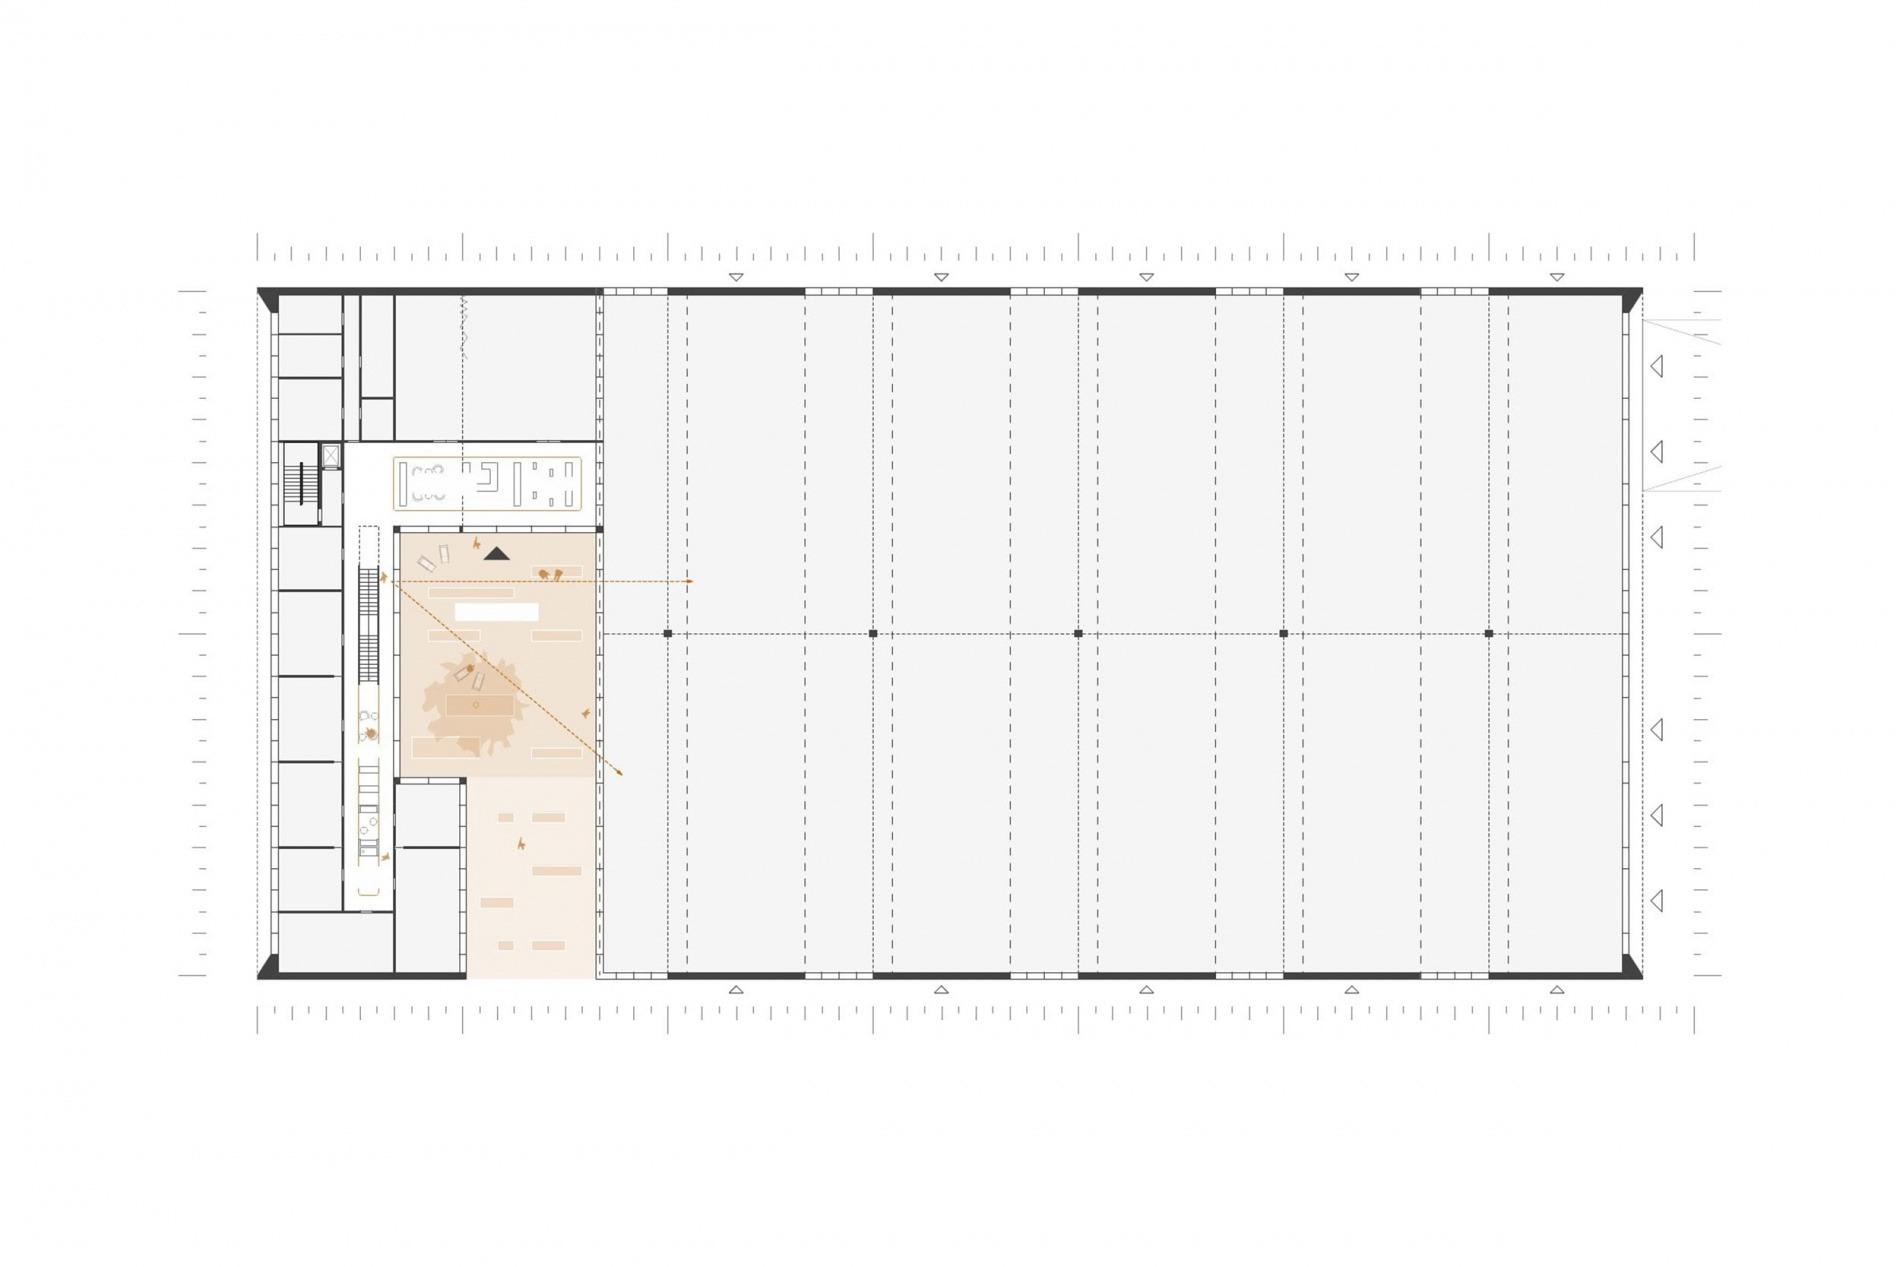 Rosink Nordhorn 04 Erdgeschoss_000001
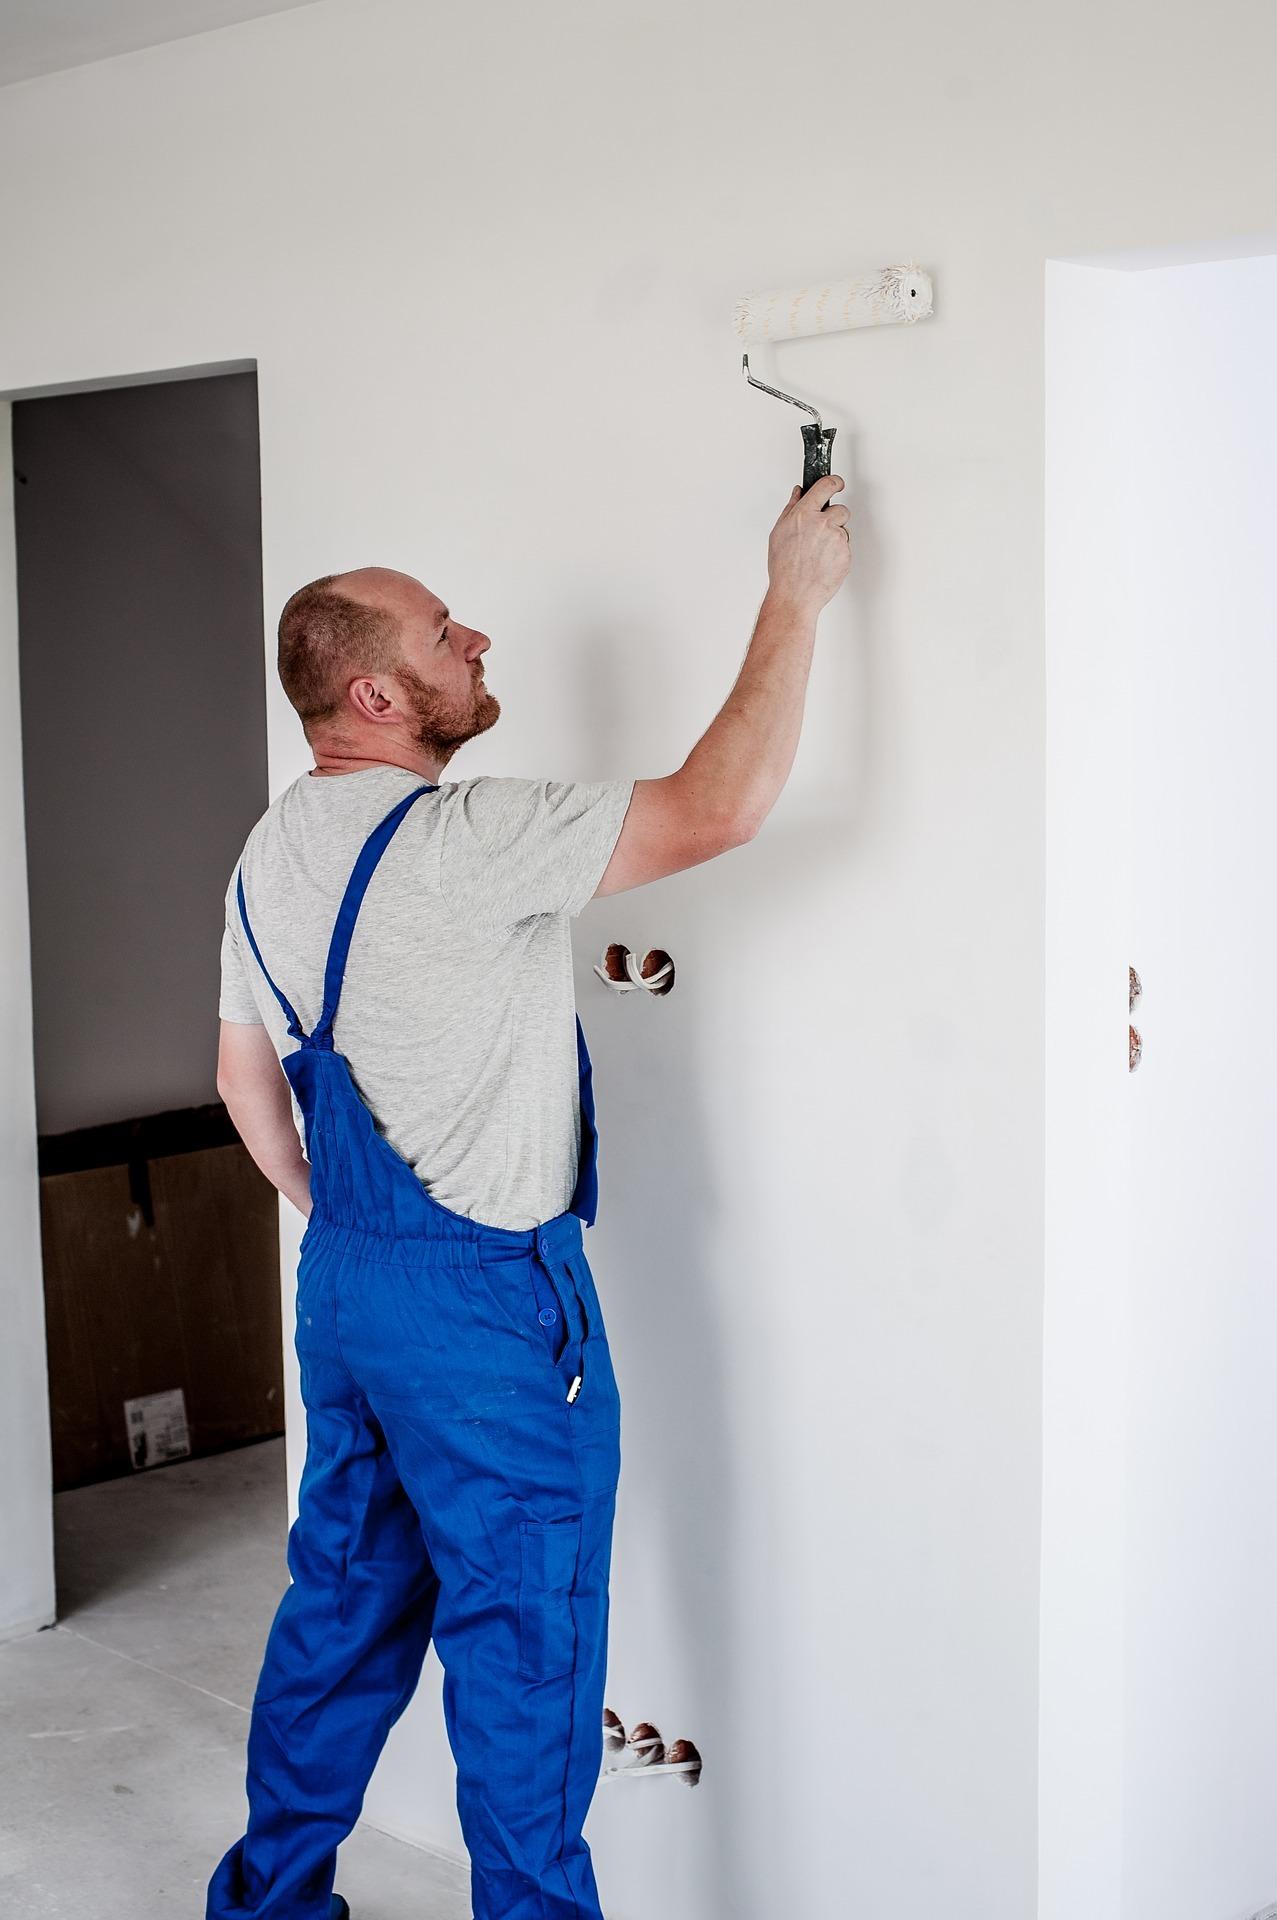 Maler und andere Handwerker sind oft Solo-Selbständige
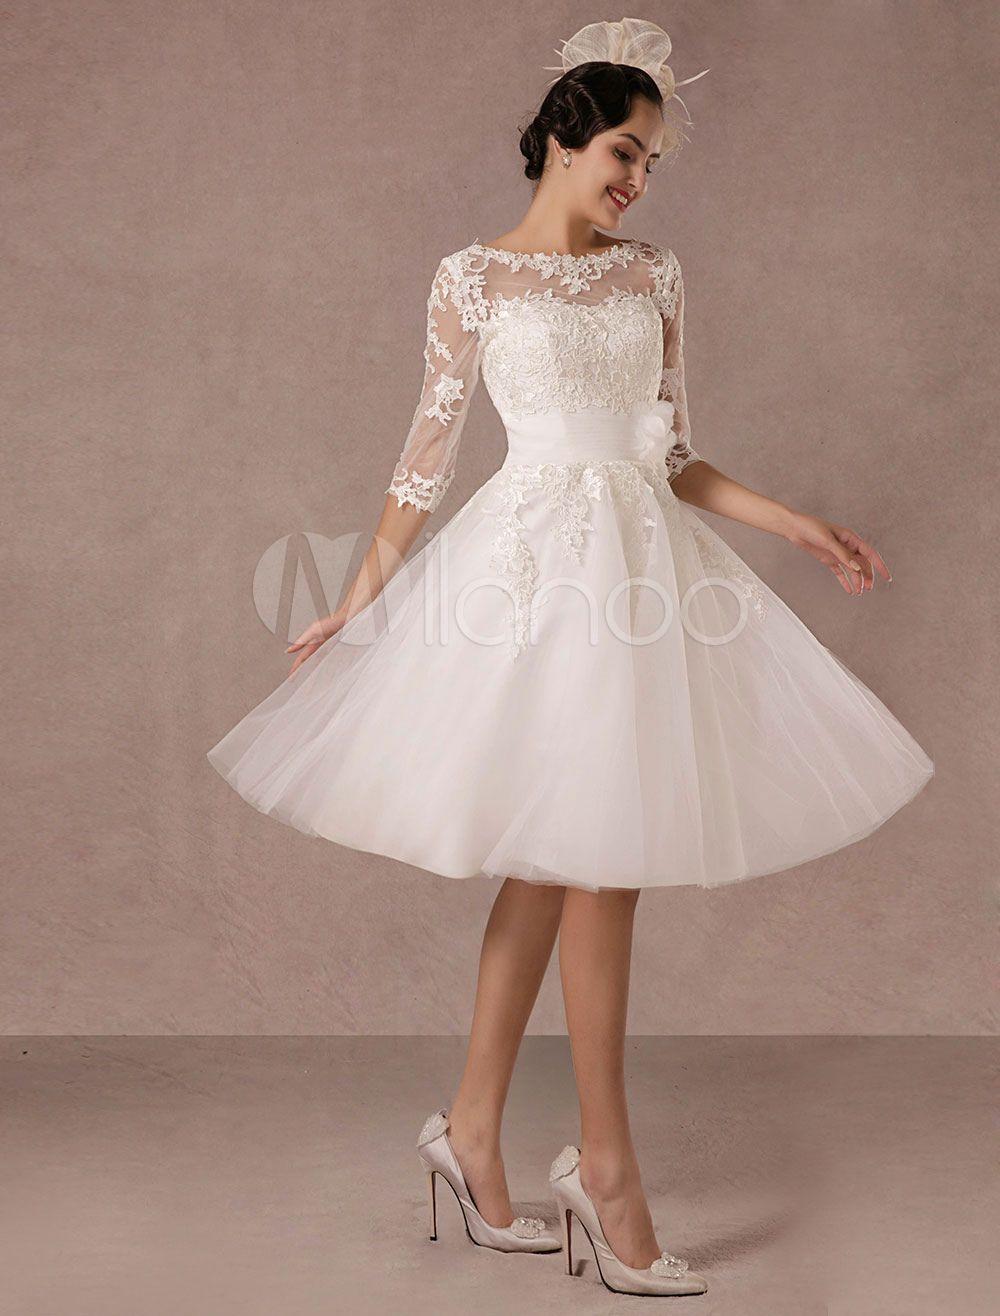 Hochzeitskleid Kurz Schwanger Das Braut Atelier Christina Busch
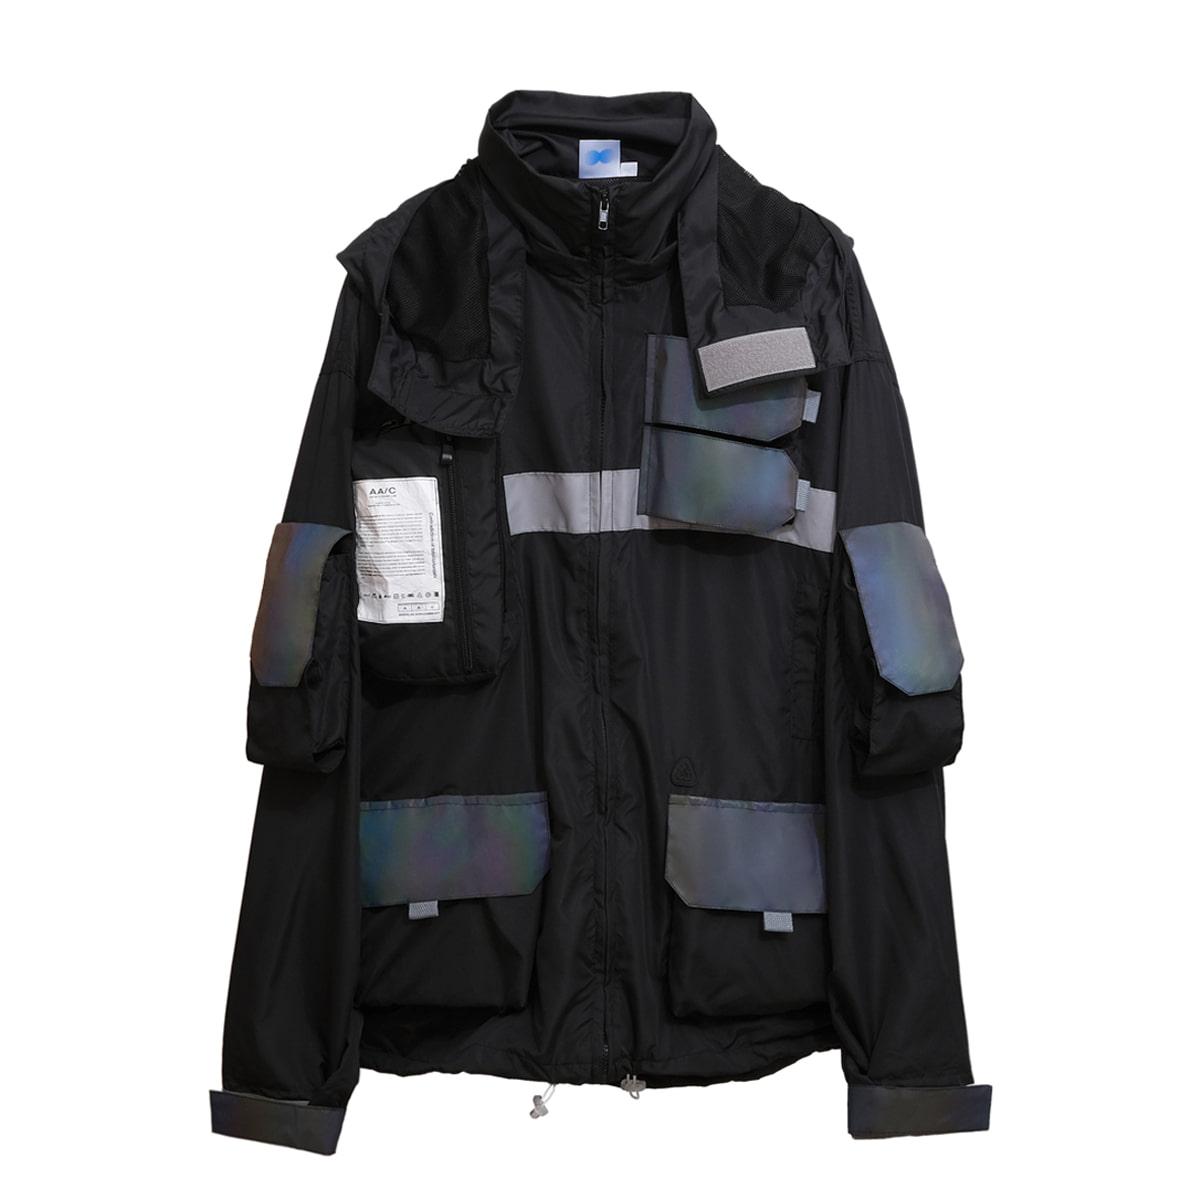 0.20 Hologram Smock Jacket

◆ TASK ITEM: Line by line, restate the data above exactly as it stands, minus the pictures.

◆ SOLUTION FOR THIS TASK:
 Rosink Nordhorn 04 Erdgeschoss_000001
 Maler und andere Handwerker sind oft Solo-Selbständige
 Hochzeitskleid Kurz Schwanger Das Braut Atelier Christina Busch
 0.20 Hologram Smock Jacket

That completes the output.